Шрифт:
Закладка:
Машина притормозила в облезлом переулке, который освещался слабым мерцающим светом вывески аптеки. Старая собака валялась в дорожной пыли, и даже не подняла голову, заслышав шаги Тео. Впрочем, и ему было не до уличного пса, на боку которого сквозь грязную шерсть проглядывала лишайная проплешина, покрытая бурой коростой.
Колокольчик над дверью испуганно звякнул. Колченогий табурет в дальнем углу, на котором обычно восседал старый аптекарь, безадресно щурясь в пространство раскосыми глазами, пустовал. Тео с облегчением проскользнул в закуток, где обитал Шнырь. Дверь в его каморку была полуоткрыта, хотя прежде, как отмечал Тео, он с маниакальной тревожностью запирал ее на все замки. Тео осторожно толкнул дверь, и она мягко уперлась во что-то тяжелое на полу.
— Шнырь, — ломким шепотом окликнул Тео. — Шнырь, ты тут?
Он протиснулся в узкую щель и тут же зажал руками рот, чтобы не закричать. Все в комнате, где и прежде не было особого порядка, было перевернуто вверх дном. На стуле в углу, скорбно склонив голову, сидел мастер Ху. Его руки были стянуты за спиной, голени примотаны клейкой лентой к ножкам стула, а изо рта торчал кляп. Он был мертв. Шнырь с разбитым лицом лежал на полу в луже собственной крови. Тео медленно попятился, пока не уперся спиной в дверной косяк. Он выскочил в проулок и огляделся, лихорадочно вспоминая, где припаркован автомобиль. И только сейчас сообразил: собака у крыльца издохла: ее пристрелили, и только слепому идиоту, как он, могло показаться, что она просто дрыхнет, разморенная полуденной жарой. Только слепому безмозглому идиоту. Тео быстро сел в машину и захлопнул дверь.
— Ну что, теперь будешь спать как убитый? — бросил через плечо Чжен, лениво трогаясь с места.
— Как убитый, — эхом повторил Тео, обхватив руками лежавший на коленях рюкзак. — Поехали скорее.
Глава 6
Ли Чи умчалась в Ганзу, а Тео остался под строгим надзором в резиденции. Он днями напролет бесцельно слонялся по опустевшему особняку и тихому саду.
В детстве ему отчаянно хотелось завести кого-то: молчаливую преданную собаку, которая теплым, покрытым мягкой шерстью боком будет приваливаться к его ногам, пока он читает или занимается. Которая будет раз за разом притаскивать обмусоленный мячик и облизывать его лицо, и уши, и ладони, когда он загрустит. Или своенравную кошку, которая будет круглые сутки наблюдать за ним прищуренными янтарными глазами, нежась в косом луче солнца на паркете. Или на худой конец черепаху с уродливой кожистой шеей, изогнутыми, как бумеранги, когтями и шероховатым панцирем. Любое живое, дышащее существо, лишь бы его сопение и возня разбавляли неизбывную тишину его комнаты.

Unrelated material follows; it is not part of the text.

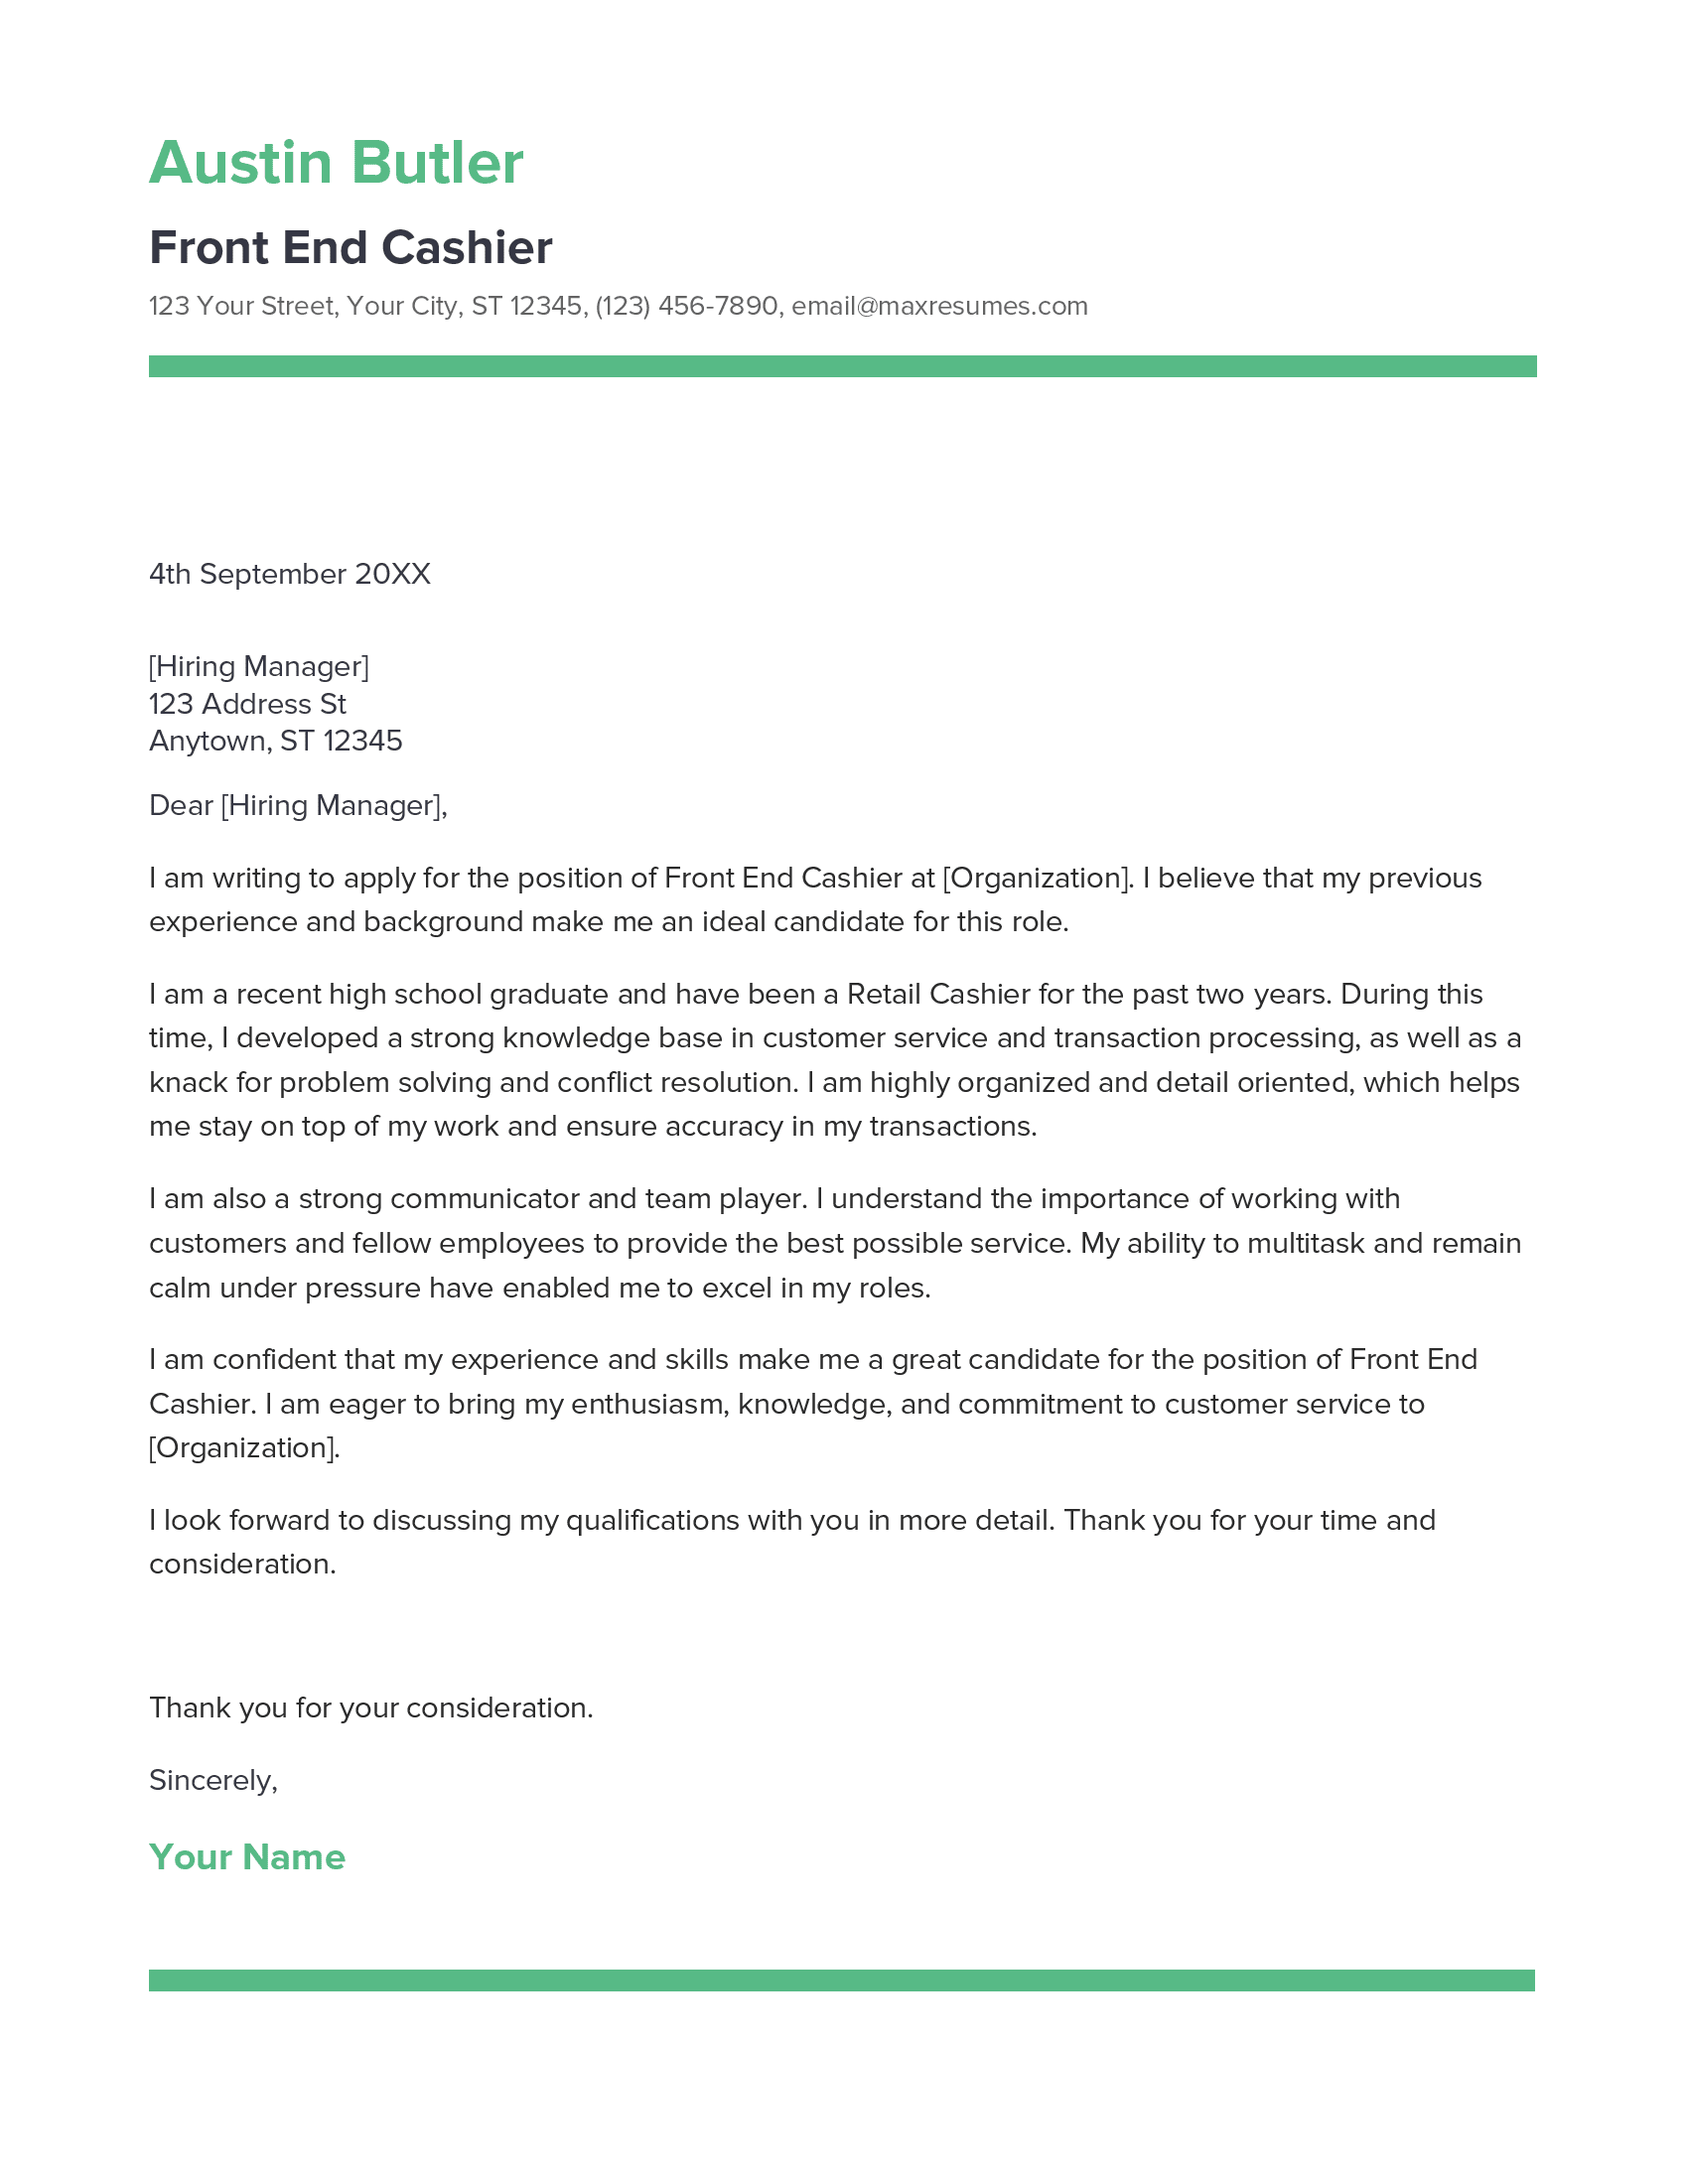 cover letter for front end cashier

Тео взялся перечитывать книги, которые прежде читал по рекомендации Вольфа, и находил странное утешение в узнавании сюжетных коллизий и отдельных фраз: в мире, где все изменилось, хоть что-то осталось на своих местах. Впрочем, он все чаще откладывал ридер, уставившись в пространство невидящим взглядом. В его голове созревал план бегства. Он и сам, в полной мере осознавая безнадежную обреченность замысла, рассматривал это, скорее, как интеллектуальное развлечение, игру в «А что, если..?», которой его научил старый советник Юнг. И каждый раз маршрут бесславно обрывался на безымянном таможенном пункте, где требовалось предъявить разрешение на выезд за пределы страны. Тео представлял жалкий вид, с которым он будет лепетать что-то невразумительное под тяжелыми взглядами вооруженных пограничников, и внутри все сжималось. О последующем за его поимкой разговором с Ли Чи он боялся даже думать, лежа без сна в темноте громадного пустого дома, такой чужой и чуткой, что его бунтарские мысли отдавались эхом в дальних комнатах.
Иногда он вынимал шлем. Намеренно не слишком часто, потому что его самого пугала растущая зависимость от новых доз чужих воспоминаний, которые отзывались в нем нежданным камертоном. Словно он день за днем проживал скрытую от всех, тайную жизнь, приобретая опыт, который прежде был непознанной территорией.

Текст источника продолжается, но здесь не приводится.